But what stands out is not just the scale, it’s how the funding was deployed.

“I never see things in silos,” Khoory reflects. “When you solve for education, you solve for employment, health, and dignity. Every problem is interconnected, and that’s how impact should be designed.”

Finding Innovation Eight Hours from Capitals

Abdulla N. Khoory led and managed the partnership with the Bill & Melinda Gates Foundation for humanitarian initiatives. Through this partnership, he managed crisis response organizations in Afghanistan, Lebanon, Jordan, Bangladesh, and Kenya, regions where traditional development funding rarely reaches those most in need.

“Going deep into the jungles and forests,” as Khoory describes his approach, was more than a metaphor; it was a method. By reaching beyond capital cities and formal networks, his team identified innovators working at the very edges of accessibility. Through UAE embassies, local ambassadors, and on-ground partnerships, the program extended its reach to 96 percent of the world’s countries, uncovering solutions that would have otherwise remained invisible to traditional funding systems.

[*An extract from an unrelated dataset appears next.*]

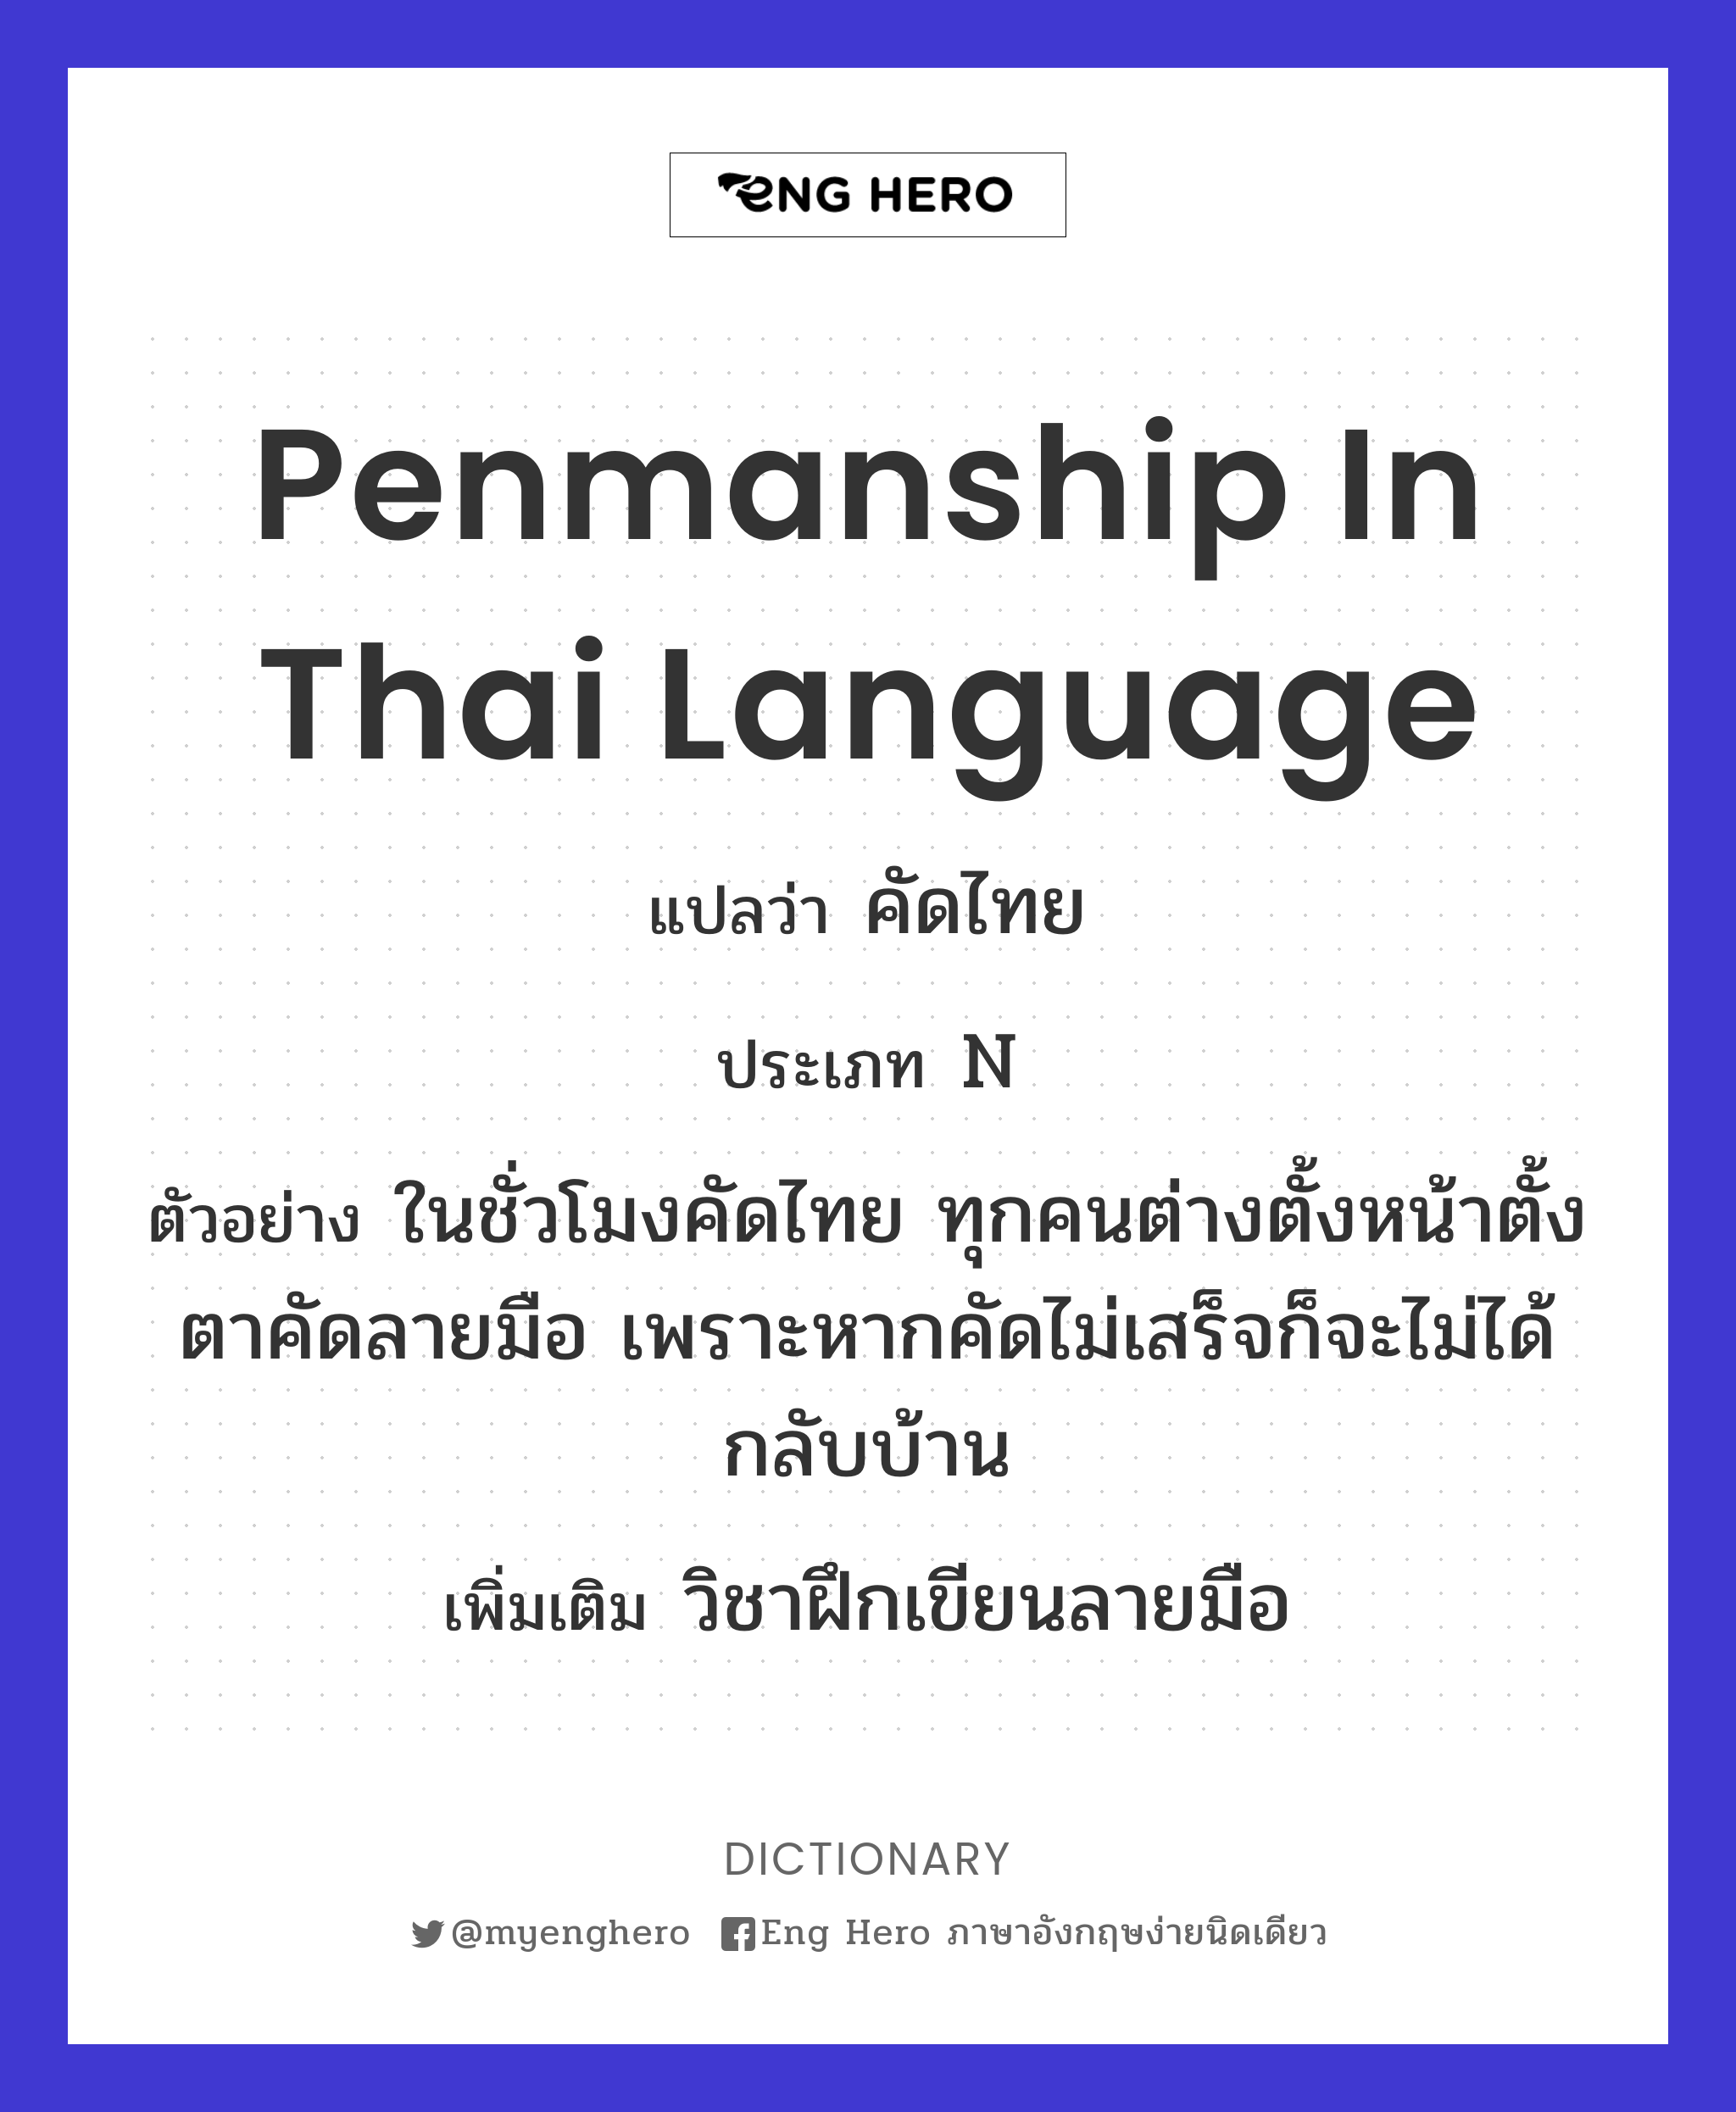 penmanship in Thai language

Khoory challenged the conventional development bias toward urban innovation hubs, choosing instead to seek ingenuity in places global capital often overlooks. The team uncovered projects such as community-led water purification systems in Uganda, education programs in Bangladesh that achieved literacy rates above national averages, and healthcare initiatives in Kenya that reached communities where traditional aid had failed.

He mentions that “these discoveries across some of the world’s most resource-constrained regions challenged the idea that innovation is born only in labs or capital cities like Silicon Valley. I learnt that grassroots contextual intelligence, not capital intensity, is what truly drives lasting impact.”

Patterns from 11,000 Applications

Community leaders with intimate knowledge of local problems consistently outperformed entrepreneurs with formal education or prior funding experience.

Key findings that shaped funding decisions:

  • Context beats technology: Local maintenance capabilities mattered more than sophisticated solutions
  • Distribution trumps novelty: Access to users determined success more than technical breakthroughs
  • Insiders outperform outsiders: Community members created more sustainable solutions than external experts
  • Patience generates returns: Iterative development produced higher success rates than rigid timelines

Western-funded programs often failed by imposing solutions from different contexts. Expo Live adapted evaluation criteria to local contexts while maintaining rigorous impact measurement. Patient capital and flexibility enabled higher success rates than traditional grant programs requiring standardized metrics.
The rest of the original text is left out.